GL and me walked down Frankel Avenue and came across this cafe/resturant place. Very nice actually. Reminds me of the cafes in Australia. So we ordered tea and shared a cake. It was really nice, talking to GL. Didn’t really talked about my problems or why I was so stressed. Honestly, not sure what we talked about. After that, we walked back to her place and she gave me a pedicure and manicure….then painted my nails blood red….and I gave her a shoulder rub. Fair trade huh? I then helped her choose outfits to wear as she had 2 wedding dinner to attend this week. Fashion Parade…nit pick at our body…then complaint a lot…then I left her place with her sandals.

I feel so much more relax now. Don’t know what exactly made me so tense the whole day or rather the last few weeks. It’s been long time since we hung out like that. I’m going to miss her and the time we spent together like this when I go away. She said that all her close friends are slowly moving away, moving on….She told me that she’ll miss me…

I’ll miss you too.

Sometimes..

Sunday, June 6th, 2004

“sometimes i miss you so much that i think of the times we always fight or quarrel and ask myself why don’t we spend that time loving each other more instead.”
- quoted from KL

Heavenly Combo

Sunday, June 6th, 2004

Lunch –> Shower –> Nap!

p/s: for best result - sleep naked!

Punctuality

Thursday, June 3rd, 2004

Since Nicoll Highway collapsed, I’ve been late for work ever since. No matter how early I wake up, go to the bus stop, I’m sure to be late for work. Spoil my record.

Of course, I’m never the last to arrive at work. Since last wednesday, DL sent an email to everyone asking us not to late coz the new manager is coming soon. Since then, I have became the last one to be in the office. Officially work starts at 8.30am but now, I reach office at 9am. It’s not delibrate on my part, but really the public transport is against me.

Thursday - woke up early, got on the bus…. huge jam at Lavender Road. Darn!

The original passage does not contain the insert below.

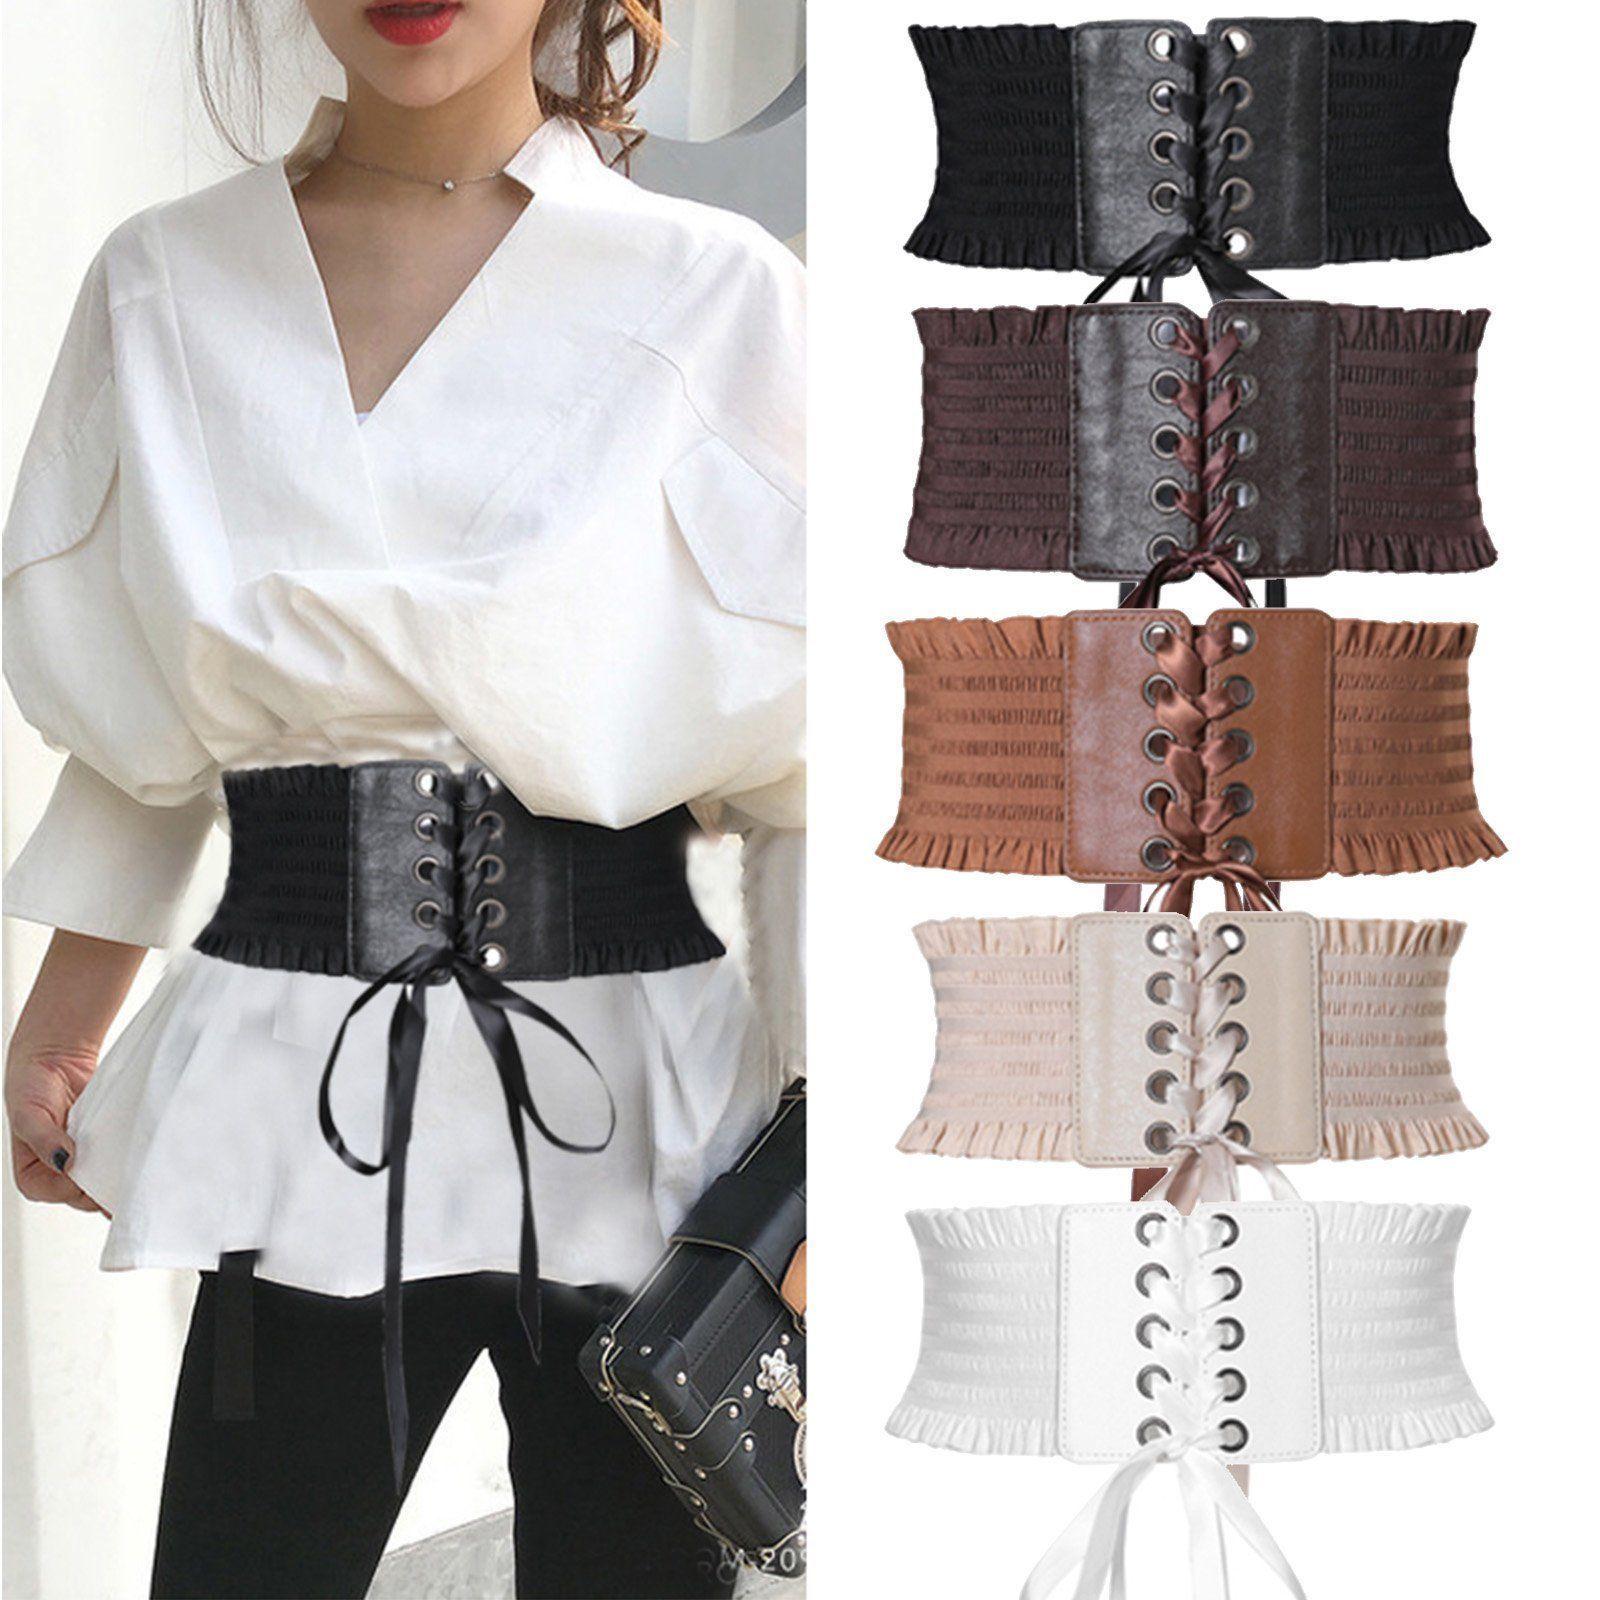 Women Leather Cinch Waist Wide Belt Ladies Fashion Wrap Elastic Buckle Wide Dress Corset Waistband

Friday - woke up earlier, missed the bus…waited about 20 mins…late again. SHIT!

Monday - Woke up early, Feeling slightly sick, dragged myself to the bus stop. Bus was too pack to even bother to stop for me to squeeze in. No bus came in another 20 mins. Fucking late again.

Tuesday - Woke up sick. Pop medication. Bus came in time. Lavender Road jam again because of some traffic accident. *sigh…..Guess what? Late of course!

Wednesday - Public Holiday. No need to worry about being late for work, but woke up same time to pee because drank too much water the night before.

Today - Woke up early. Didn’t miss my bus. Bus stopped for me and I was even lucky enough to get a seat. 5 stops before my actual stop, bus driver suddenly stopped at the side to go to the nearby coffeeshop. I think he had a stomach upset. I was however, seating at my seat, laughing at why I even bother waking half an hour earlier every morning when I still reach office at 9pm.

All these REALLY happen to me. Honest Truth! However, no matter what I say…it’s just sounds like an mere ‘excuse’ for being late. I give up! I really don’t know what to do now.